Tuesday, February 20, 2007

Manage Large SharePoint Lists for Better Performance

Large lists have become fairly common and can cause the server and users considerable pain if you’re not careful.  When I refer to a list in SharePoint, that includes document libraries, calendars, contacts, tasks, etc.

A SharePoint list containing thousands or even millions of items is not necessarily problematic if well managed. As a general guideline, any list should not have more than 2,000 items per list container. By container, I mean the root of the list, or any folder inside it. So for example, if you have a list with 1,900 list items in the list root, plus 100 folders each containing 2,000 items, then you are fine. Just make sure that your views do not attempt to show or edit more than 2,000 items at a time.  In total, counting all items recursively in folders, SharePoint supports up to 5 million items in each list.

If you try to select approximately 5,000 items or more simultaneously for reading or update, the database (MS SQL Server) will typically lock the entire table for the duration of that change. This means that all other operations (read/write) performed on any other list in any site collection in the same database are queued until this large transaction is complete and the lock is released. This is also the case if the query or view you are using retrieves data across multiple folders within the list or across different lists, regardless of recursive nesting of folders as per the guidelines above. To avoid running into this locking behavior, make sure the number of items you retrieve in a single request is well below this 2,000-item threshold. For example, you can control the number of records returned by setting the item limit when creating or modifying your view. 











While this doesn’t guarantee performance gain, if coincidentally the 100 items you are requesting are scattered across the large list, this is typically a useful way to manage and improve the performance of your large list.

Another way to limit the number of items in a container is to divide items into folders. The next figure shows the relative performance between folder views, when folders are used to store and organize documents, and an indexed view of a flat library structure. Each folder contains 500 documents created by different users. In this scenario, there is no significant throughput degradation up to 1 million documents for either scenario, provided that the number of items in the view does not exceed the performance threshold for your system. However, performance is better when folders are used. So if we compare retrieving 2,000 items from a large flat indexed list with 'view by folder', we find that the latter provides better performance. 


As the number of items in a folder increases, folder view performance will gradually degrade. Note that the above results are estimates based on our testing, and results may vary in your environment.

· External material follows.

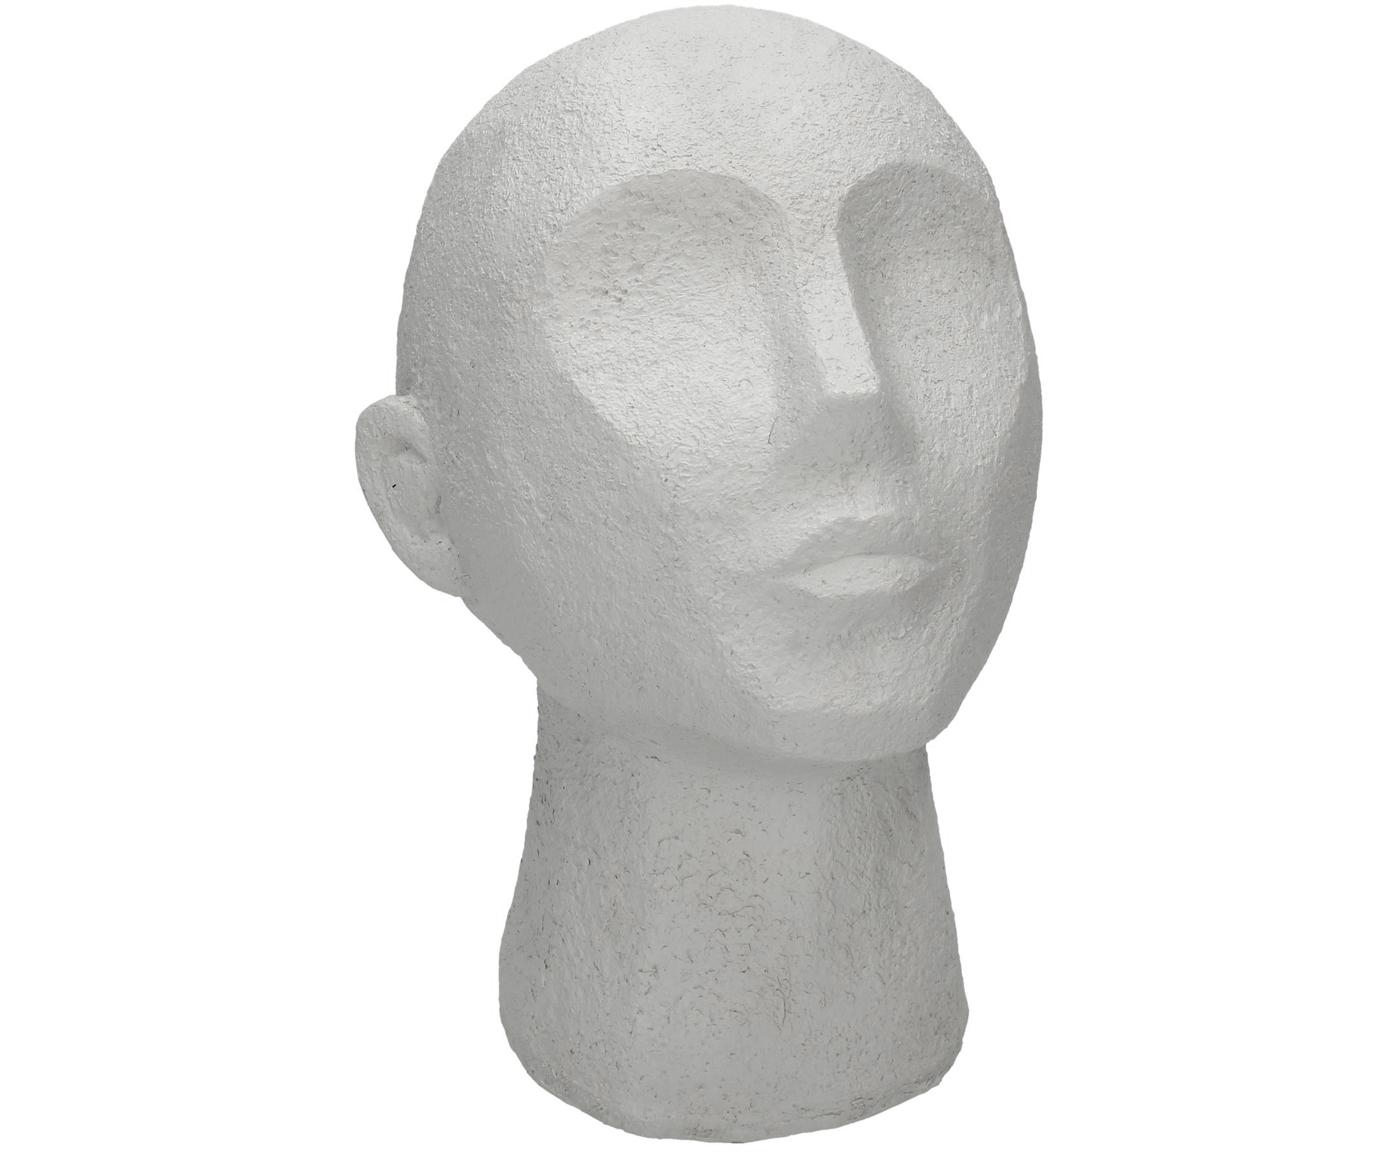 Deko-Objekt Head, Polyresin, Weiß, 19 x 23 cm

Indexing your lists properly plays an important role as well in the performance of your views, when used in coordination with applying filters on those indexed columns. For example, if you have a column named "Color" and you index it, then retrieving all the "Red" items will in most cases perform better than if you had not indexed that field, because your view will not have to scan all your items to find the red ones. So if you happen to have 2,000 items in your list, but only 300 red ones, then SharePoint will not have to scan the entire list to retrieve the 300 requested by  your view, and that makes for better performance than if you were to perform the same query without that index.

Here's a screenshot of the page from which you edit your indexed columns: 



















For step by step instructions on how to create an index, see Manage lists and libraries with many items.

As you create views, it's important to remember that SharePoint will only use the first index you specify in your filter on the Edit View or Create View page. For example, let's say you have a list with some columns, two of which are Color and Shape, and both of these columns are indexed. When you create a new view, you can filter on Color (Indexed) = Red and Shape (Indexed) = Square (in that order). 


















 However, your view won’t benefit from both of the indexes. That’s  because SharePoint will get all the Red items (using the index for the Color column), and then scan those items for Square shaped ones, without using the index for the Square column. So in that case if you have 1000 red items, and only 5 square ones total in your list, then it's best to make sure that your filter is on Shape=Square and then Color=Red instead of vice versa. That way, SharePoint will get the Square items (just 5) and scan them for Red ones, which will perform a lot better than scanning all 1000. 

















For step by step instructions on how to create a filtered view using an indexed field, see Manage lists and libraries with many items.